Pashley then moved to make the rule absolute, on the objection to the order which he had specially stated.-In Reg. v. Heyop. (? New Sess. Cas. 270; 1 New Mag. Cas. 497) Patteson, J. said: “I think the practice is established by the cases cited by Mr. Greaves, namely, that an objection arising on the face of an order cannot be taken, when a case has been reserved by the Sessions which does not raise it, unless the rule for a certiorari has been moved in open court, and the additional reason why the order should be quashed stated. Indeed it is very convenient that it should be so, as, when a case is granted by Sessions, the certiorari goes as a matter of course, without observation; and were it otherwise, parties might come prepared to meet one point, and then have a new one raised, which would be very inconvenient. Nor does this rule prejudice the other side, because they can make their application for a certiorari upon the points reserved; and, for aught we know, even if the case were disposed of, they might still come to us for a certiorari to bring up the original order on this fresh objection. But whenever the Sessions grant a case, and a certiorari issues, we will not entertain any objection not raised by the case, unless it has been mentioned to the Court, on moving for the certiorari.
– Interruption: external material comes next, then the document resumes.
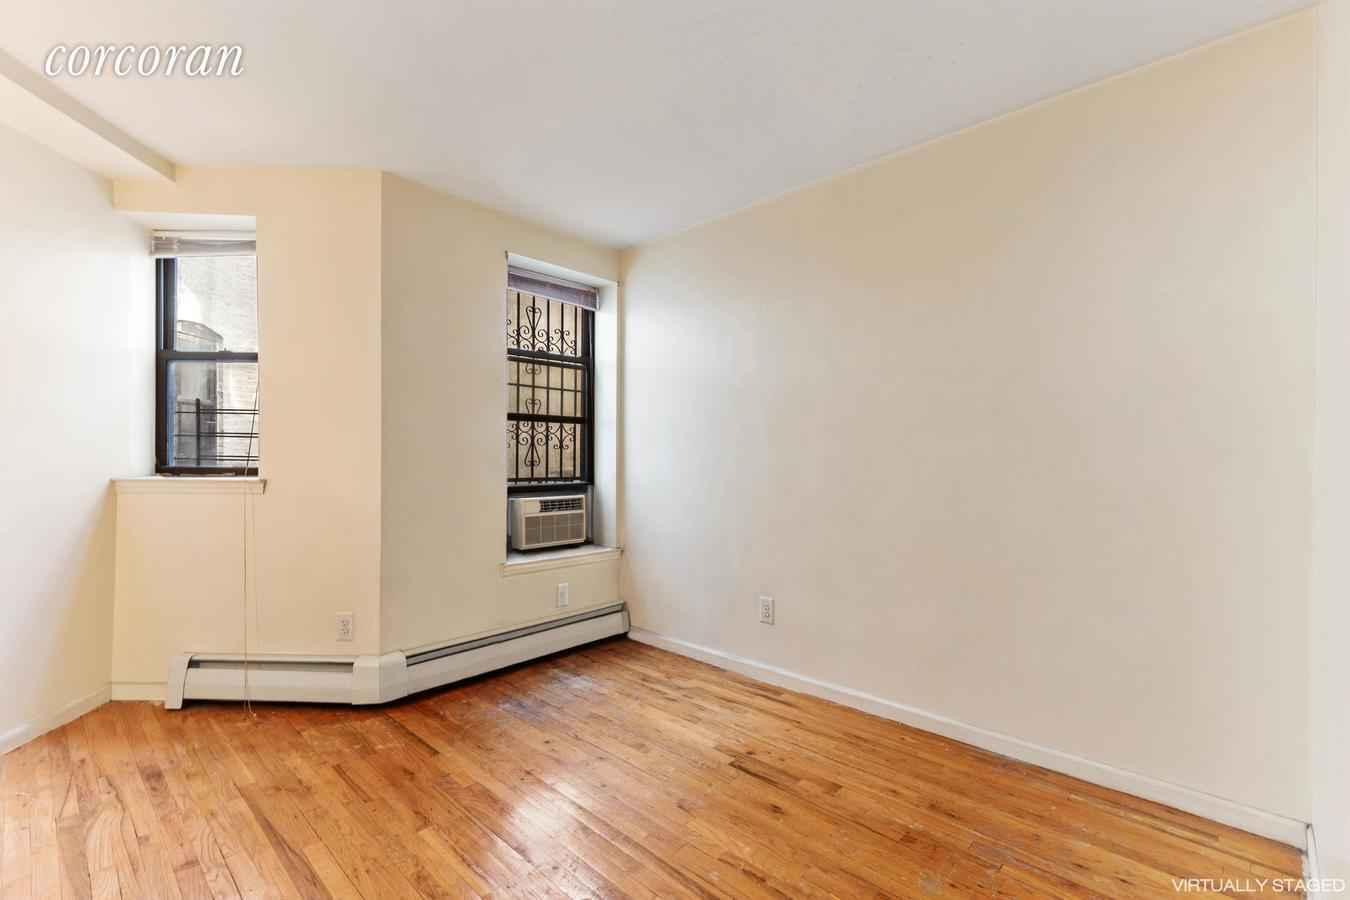 Apartment for sale at 472 Bainbridge Street, Apt 3A

LORD DENMAN, C. J.--I do not think that this rule is to be supported by what was said in Reg. v. Heyop. If the Court says that a certain discussion cannot be permitted, because some step has not been taken, it by no means follows that a similar discussion ought to be permitted because the particular step has been taken. This course seems to me to be an entire innovation. The Court below has reserved its decision until we shall have answered certain questions submitted to us by it, and I do not see how we can allow a general appeal from that decision, to which this rule amounts. If we permit this course now, we must permit it in every case. At all events, this rule must not be discussed on a Crown paper day. We will state on Wednesday our determination.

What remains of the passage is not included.